Note: even as I write this, my mind shifts back to the muddled uncertainty that seems to engulf my every accomplishment. Why can't I simply stand in my accomplishment and claim it? Most people assume that redheads are somehow super-confident and that I too am a leader-type that can stand positively in who I am. For the most part, this is true. Alas, with some things my confidence falters.
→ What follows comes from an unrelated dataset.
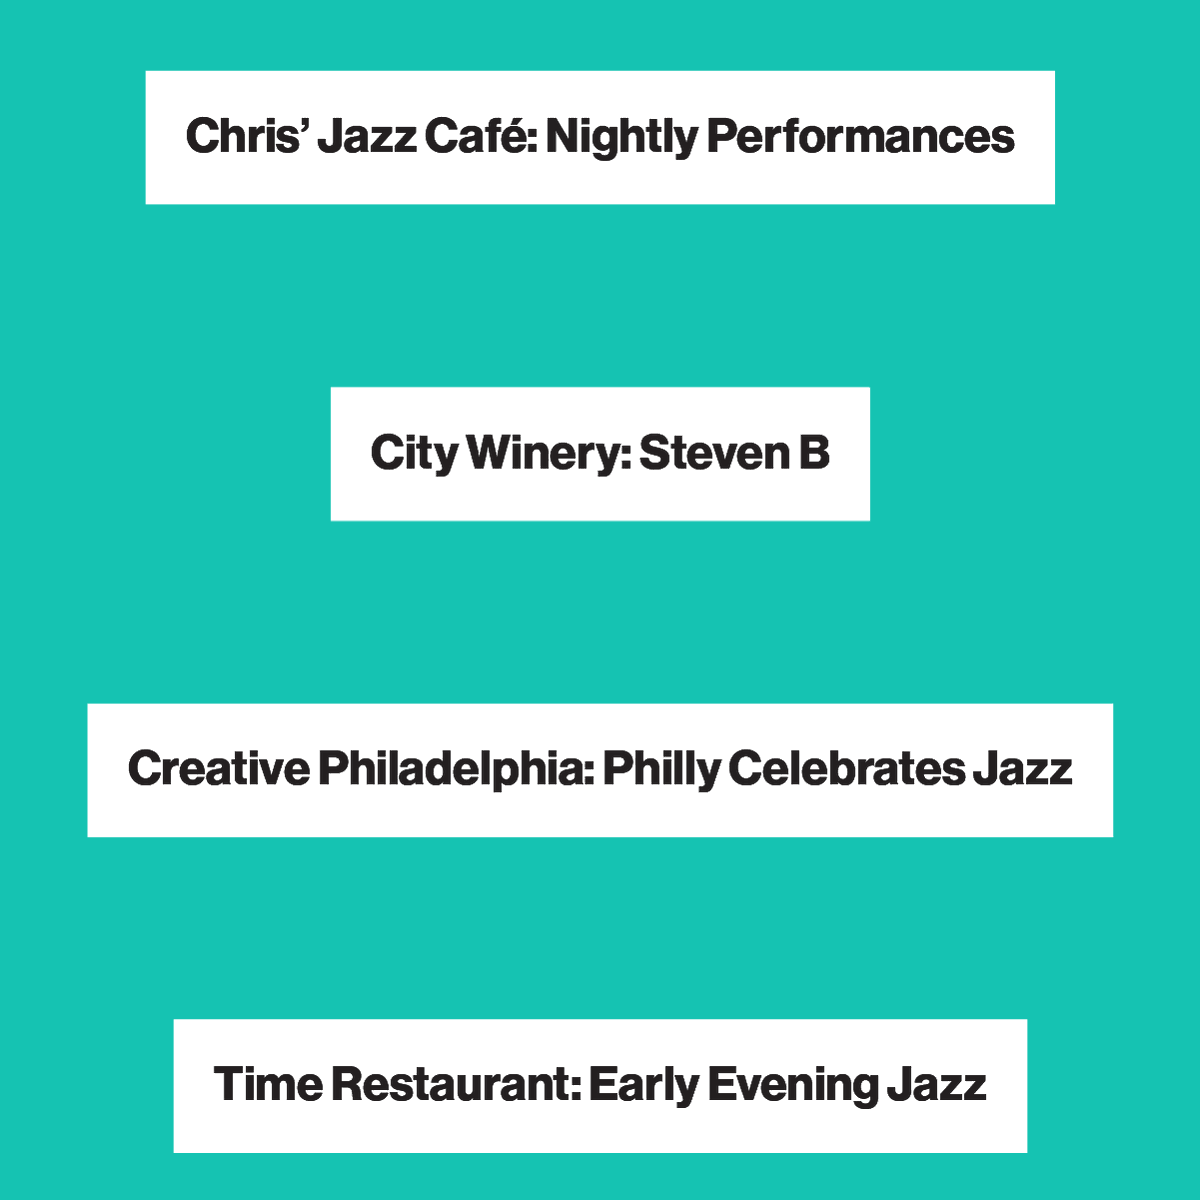 🎷 #JazzAppreciationMonth is in full 'swing' in #CenterCity. Enjoy the jazz scene with live music by visiting one of the many venues in Center City. See below for details and visit the link for more details: bit.ly/3JbI0i9

Then, I think of the reason why I agreed to attend my graduation ceremony: to teach my children that there is rewards for hard work. I hope this was taught in my daily efforts to achieve good grades and do my best. I hope this is taught to them as they saw me attack each class with excitement and chose to find value in every subject. Alas, as I stand on the brink of this ceremony that is supposed to symbolize the achievements that they witnessed, it's easy for me to downgrade my accomplishment. It's easy for me to compare myself with those that never took the path that I took. It's easy to note all my peers who went the traditional route and never had to study whilst managing a household, launching a career, and being a mother to four children. Possibly I envy what seems to be an easier road that might have been mine. Then, I remember that I value this so much. I worked so hard. I appreciate the life that I've created. I love my life. Mine might not have been an easier path, but it was full of blessings. My story is complicated and interesting and real. This is why I stand up and embrace my accomplishment because my story is authentic.
I like who I am.
I remember something that was told to me by a friend... she expounded on my motto: "Live Life Deliberately" to say: "Live Life Deliberately and WITH CONFIDENCE".
Confidence, that's always been my problem. It's easy for me to compare and consequently discount my accomplishments in the grand scheme of things.
Yet, these are precisely the moments when I need to stand tall as a woman and confidently claim my accomplishments.
Now the question at hand: what to wear??? I will have the classic robe that makes you look like some kind of priest. The oh so fabulous hat with tassel. So, I'm thinking comfortable. I'm just not sure. Do I go with a dress?